PROVIDED MATERIAL:
--------------------------------

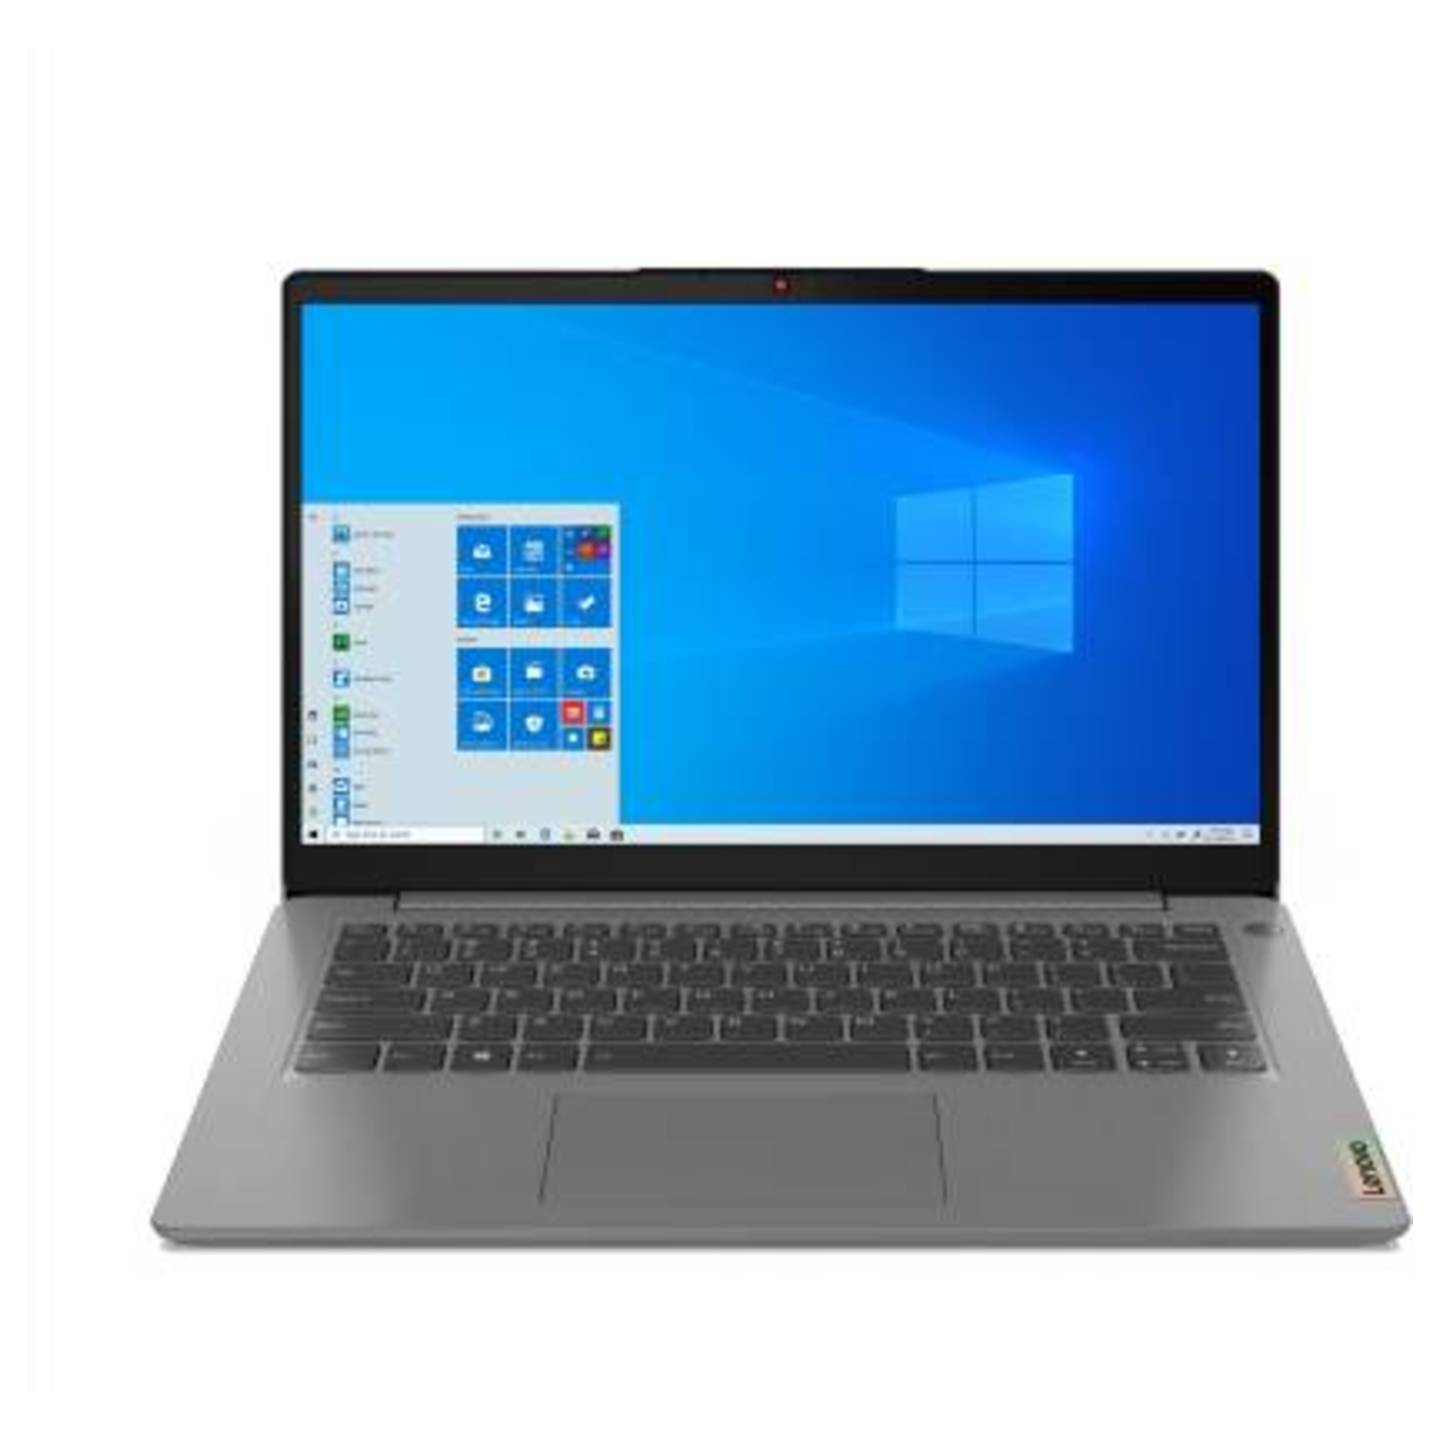 Lenovo IdeaPad Slim 3 Core i3 11th Gen - (8 GB/512 GB SSD/Windows 10 Home) 14ITL6 Thin and Light Laptop  (14 inch, Arctic Grey, 1.41 kg, With MS Office)
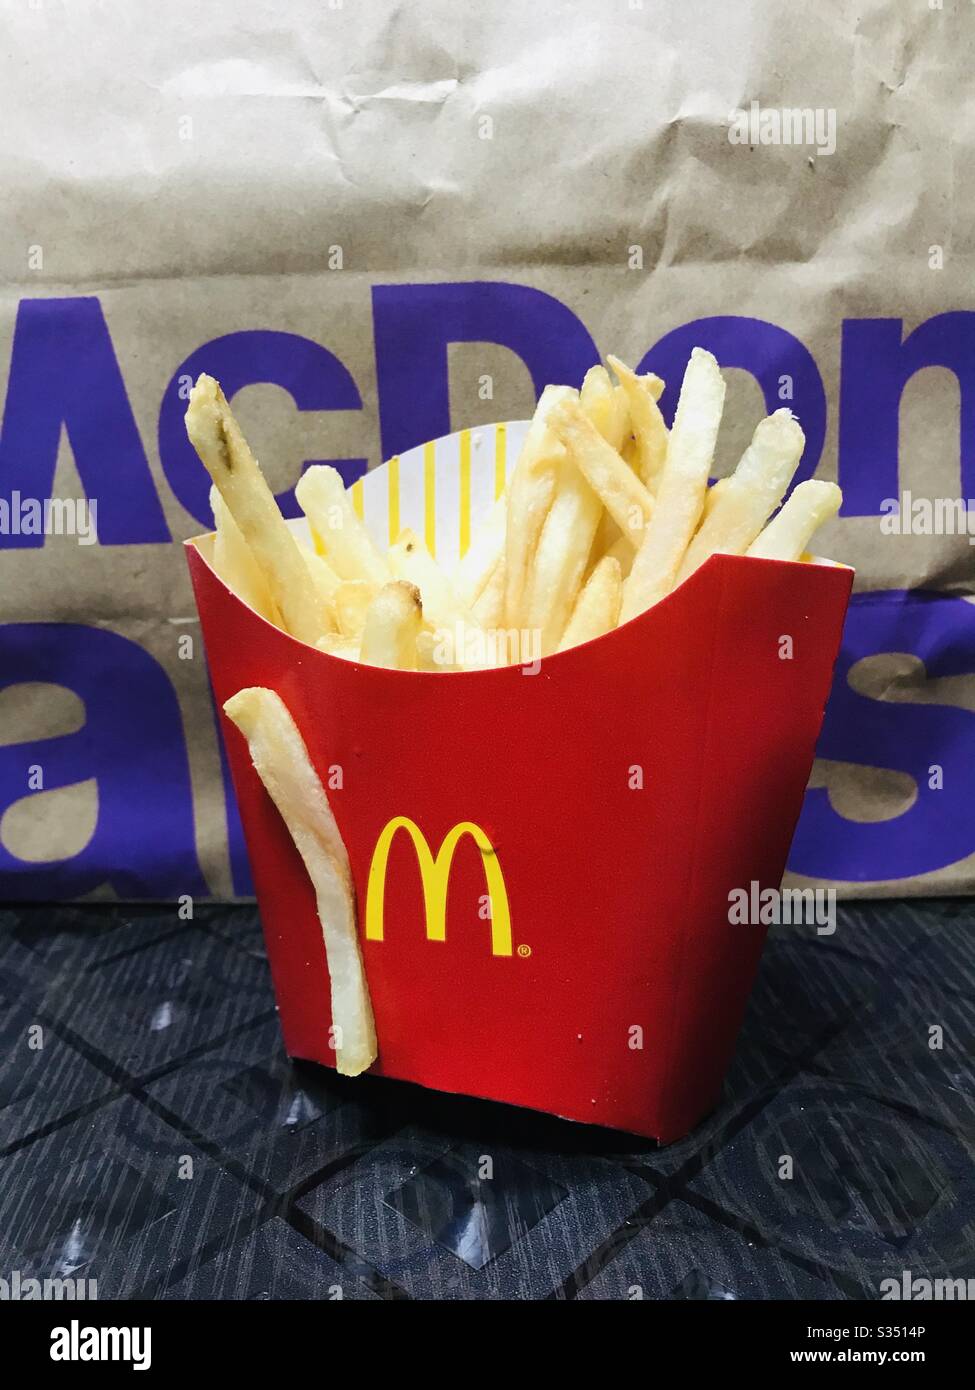 🍟 French Fry Cone Bags 🍟 Our french fry cone bags are perfect for  sandwiches, burgers, french fries, and more. These deli bags are…
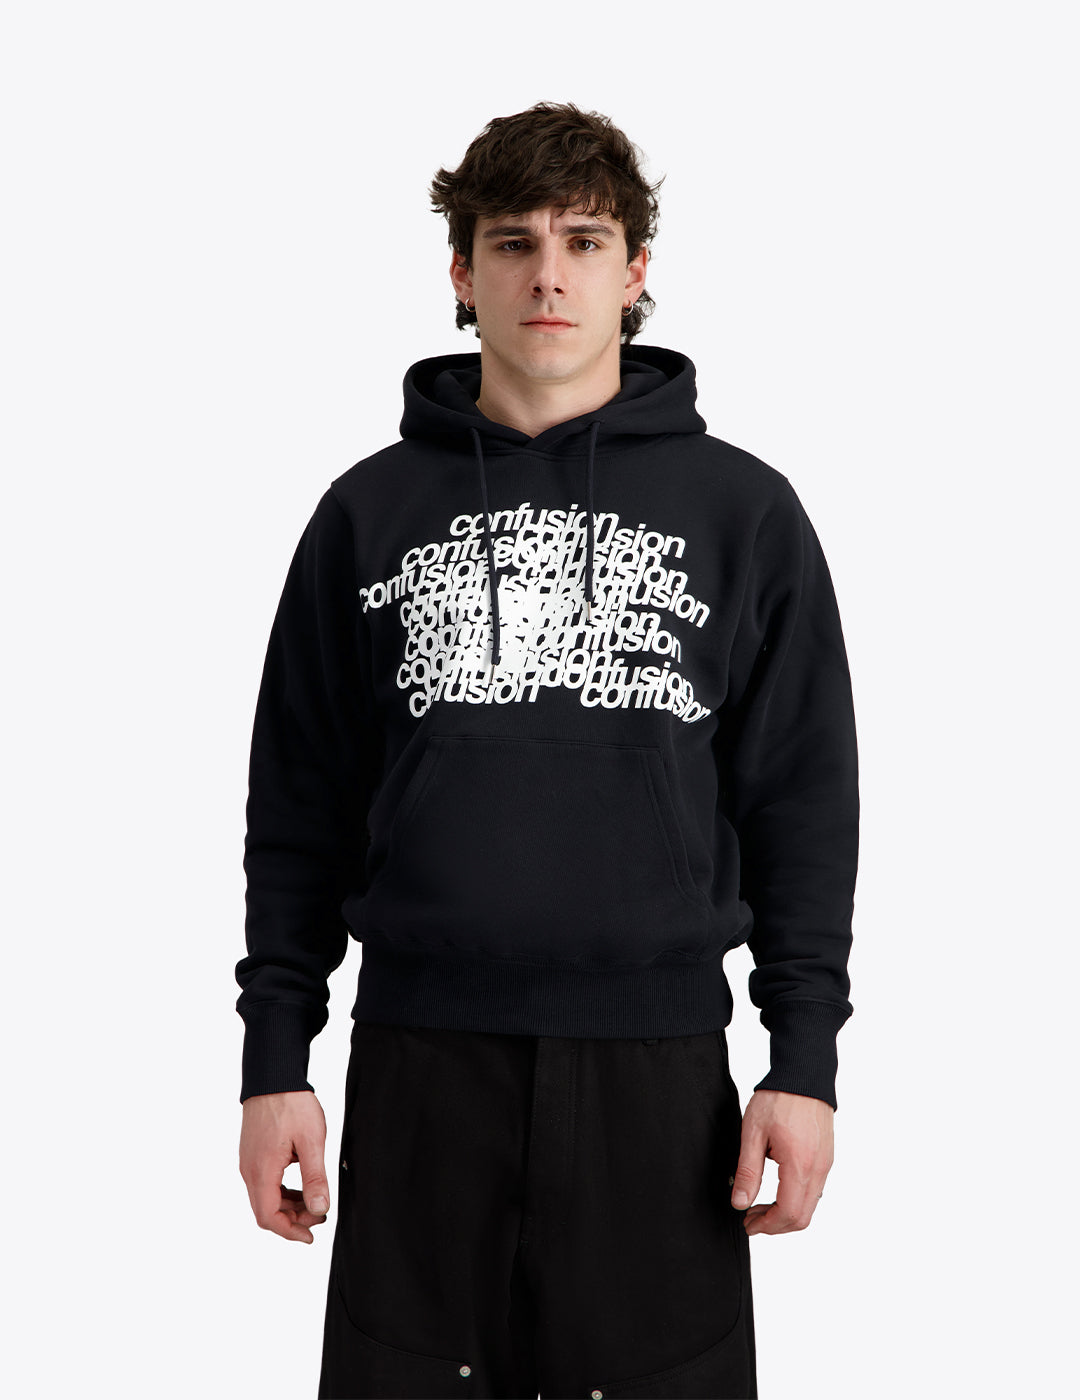 THE "CONFUSION" PRINTED HOODIE

--------------------------------

ACTIVITY:
Reproduce the preceding material exactly, skipping pictures.

EXERCISE RESPONSE:
 Lenovo IdeaPad Slim 3 Core i3 11th Gen - (8 GB/512 GB SSD/Windows 10 Home) 14ITL6 Thin and Light Laptop  (14 inch, Arctic Grey, 1.41 kg, With MS Office)
 🍟 French Fry Cone Bags 🍟 Our french fry cone bags are perfect for  sandwiches, burgers, french fries, and more. These deli bags are…
 THE "CONFUSION" PRINTED HOODIE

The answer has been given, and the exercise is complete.